Хороший пример с современным климатом и его прогнозом, на который работают ансамбли сотен моделей. В итоге мы получаем результаты Шестого доклада группы Межправительственной группы экспертов по изменению климата (МГЭИК IPCC): по одной модели мы все погибнем, по другой ― еще помучаемся, по третьей ― поживем еще 100 лет. Это зависит от модели, в которую может быть заложен направленный рост температуры на поверхности Земли, а может и ее цикличный характер. Дальше ― вероятностные варианты: или форсайт-анализ, или просто субъективный прогноз. Если мы будем меньше дышать, выделяя CO₂, будет такой-то климат, если на 1% меньше или на 2% ― вот такой.

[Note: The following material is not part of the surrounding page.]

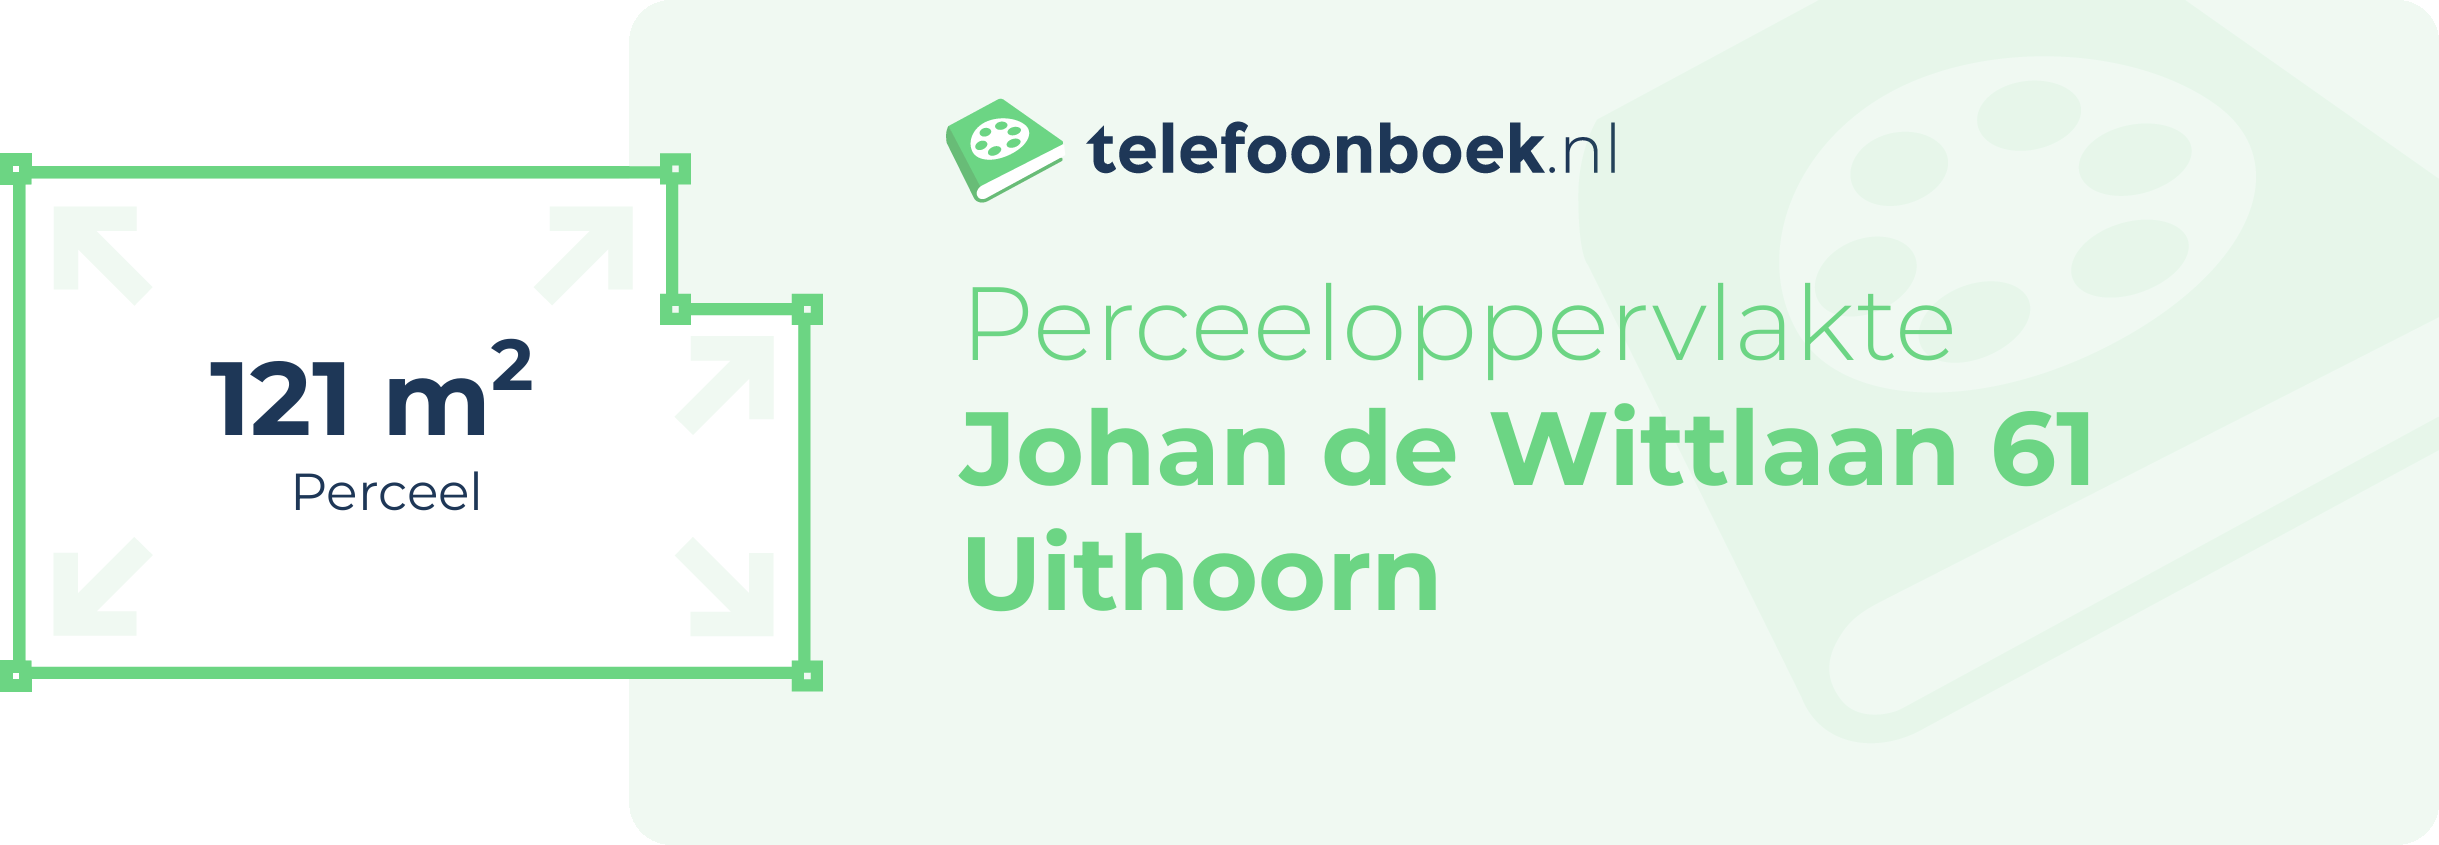 Perceeloppervlakte Johan De Wittlaan 61 Uithoorn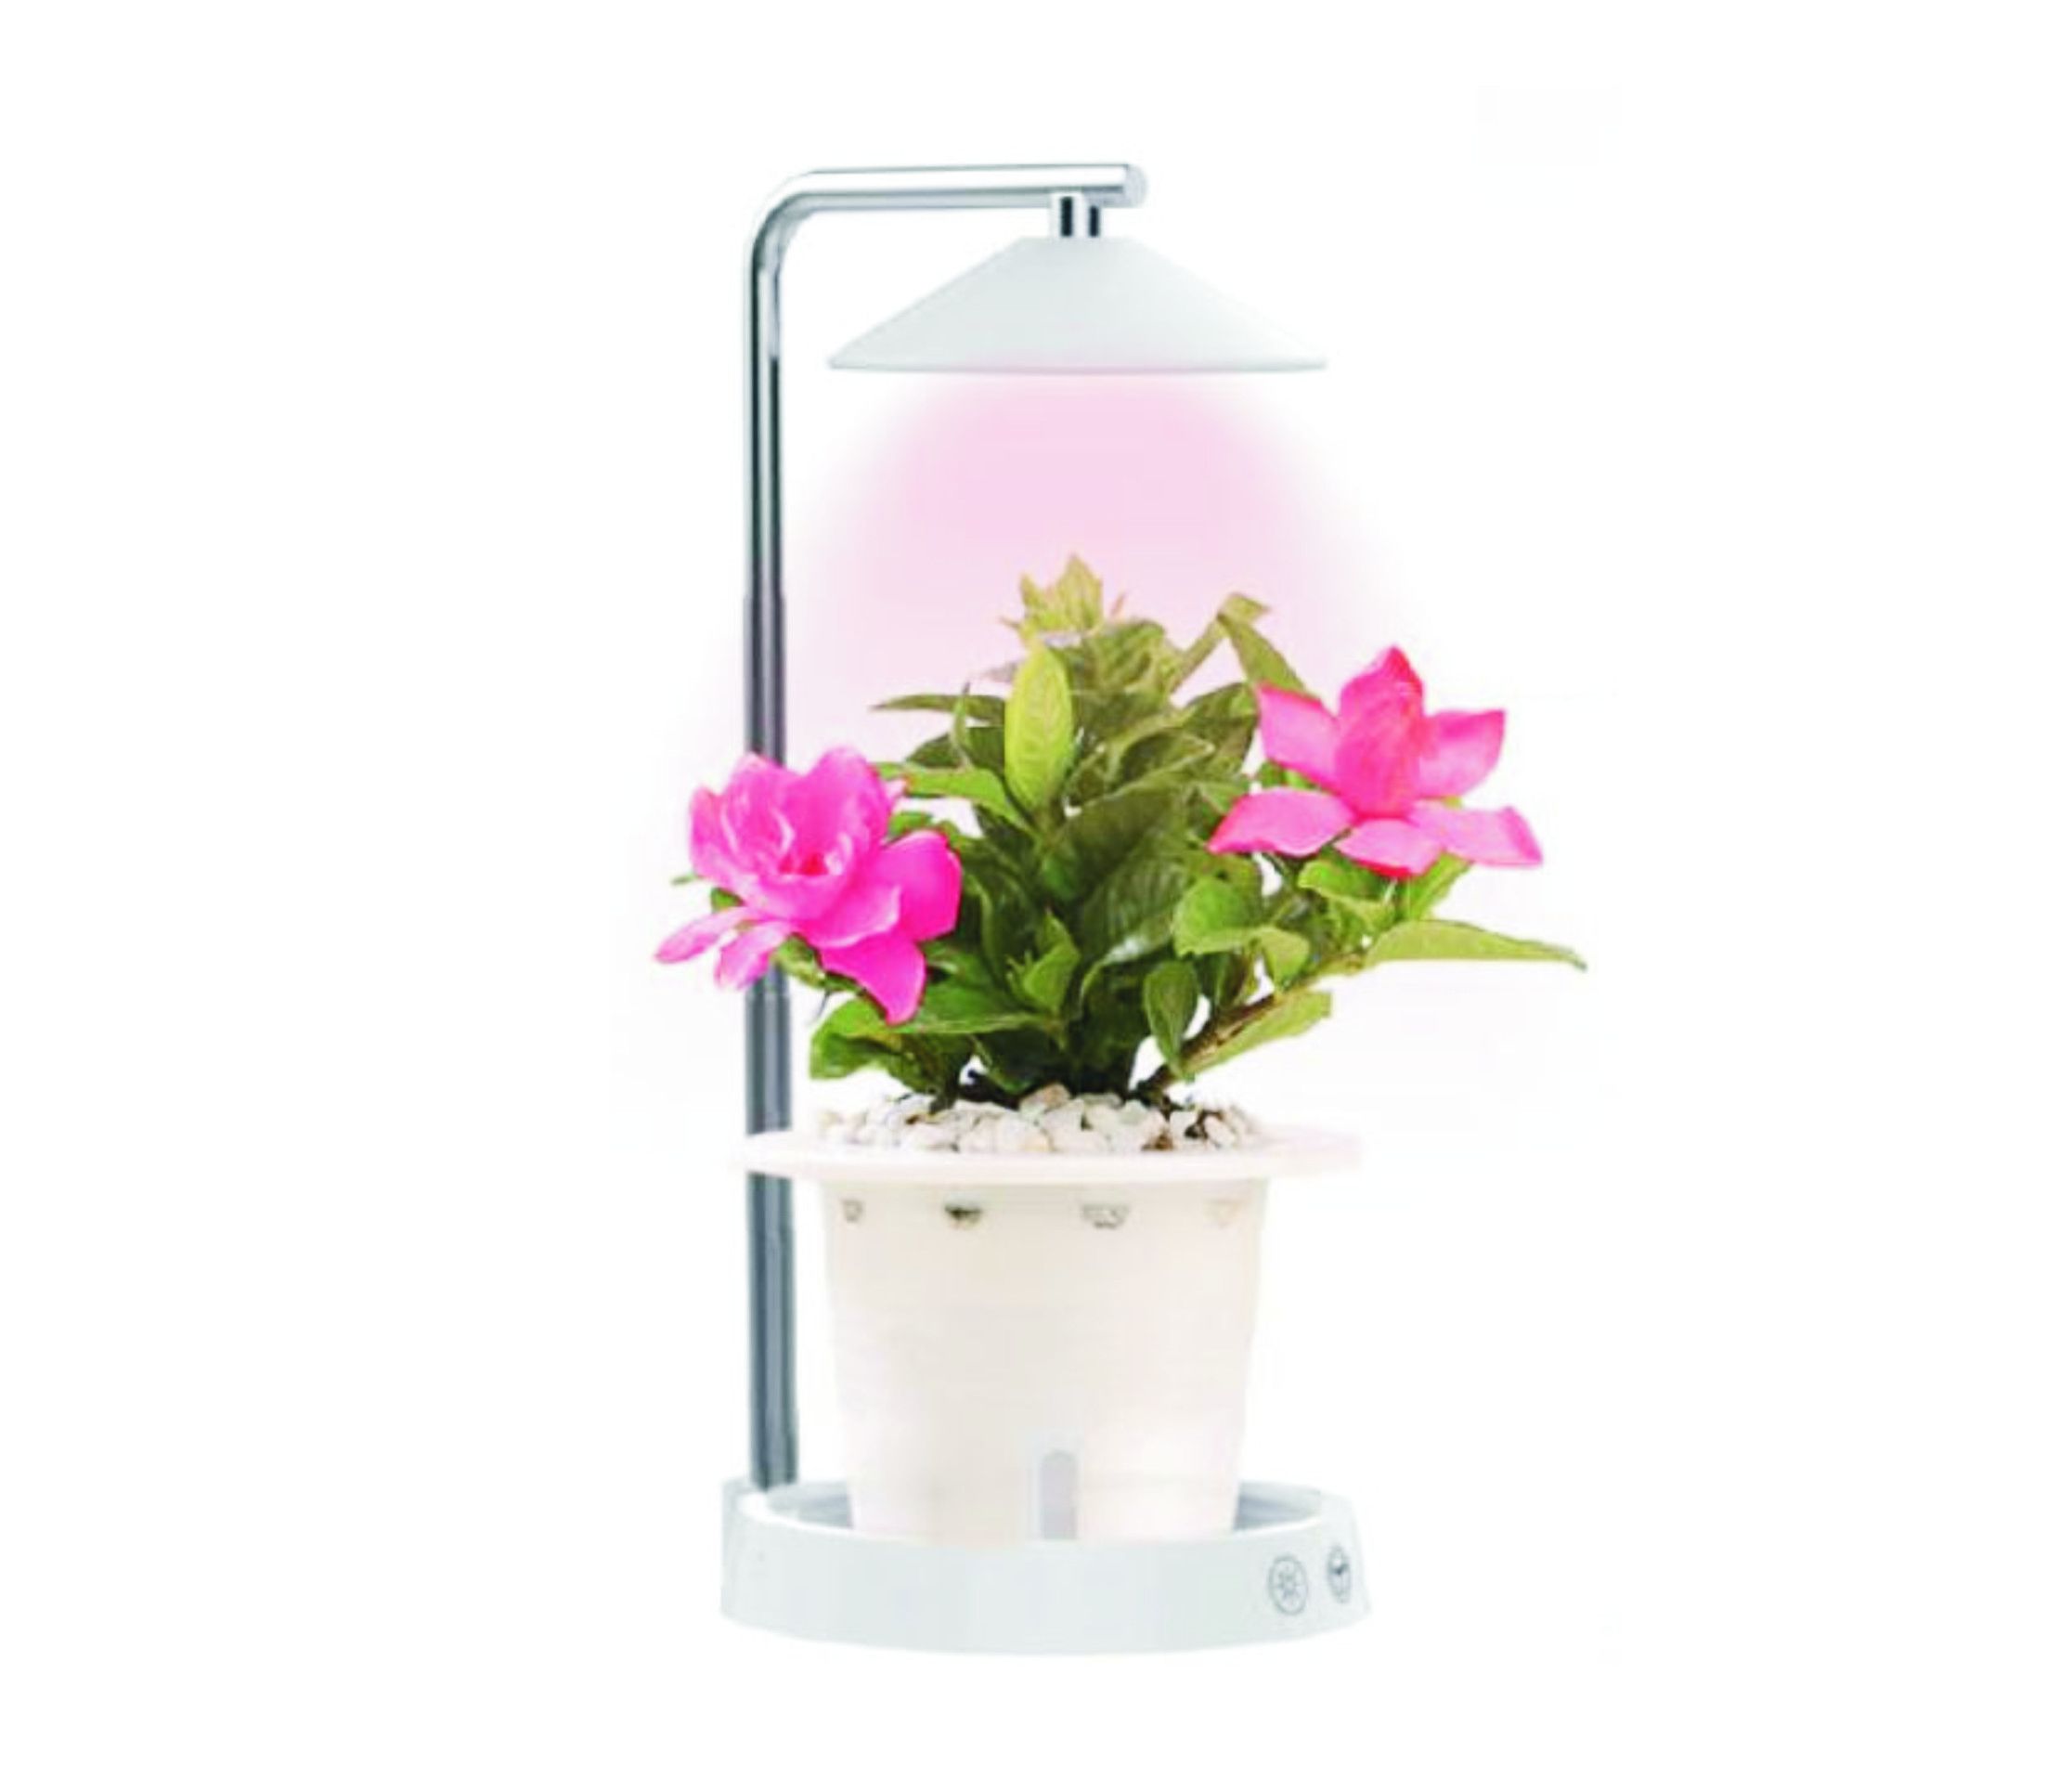 Регулируемая на 360 ° светодиодная лампа 2-в-1 и лампа для выращивания растений (Alfa) - ПНЛЕД-142. Светодиодный светильник для выращивания растений - Alfa

― Это как, через раз дышать?

― Трудно сказать. Или что-то сделать с океаном, который в миллиарды раз по массе больше, чем все человечество, весь домашний скот и вся промышленность, поставляющие «дополнительный» углекислый газ. В миллиарды! По объему, по обороту CO₂, по энергетике этих переходов один в другой. Поэтому я и говорю, что мне не очень нравится в современной географии такой постмодернистский взгляд на понимание географических объектов, процессов и явлений. Я сторонник того, что посредники, с помощью которых мы изучаем поверхности Земли, необходимы. Нужны образы: надо создать цифровую модель Земли, статичную и динамичную, которая смоделирует все процессы на Земле. Суперкомпьютеры пригодятся для накопления информации, а квантовые технологии пригодятся для расчетов, оценок, динамичного состояния планеты.

Но на самом деле даже суперкомпьютеров для хранения информации не хватит. Надо придумать что-то другое, чтобы изучать Землю в будущем. География будущего ― это работа с образами Земли, но мы сможем туда привнести элемент управления, будем опережать информационные потоки о состоянии, о катастрофических метеорологических явлениях, ураганах и прочем. Мы будем знать все наперед, потому что у нас есть динамическая модель, образ Земли, возможности быстрого расчета, прогноза и оценки. Если у нас такое будет, вот она ― география будущего.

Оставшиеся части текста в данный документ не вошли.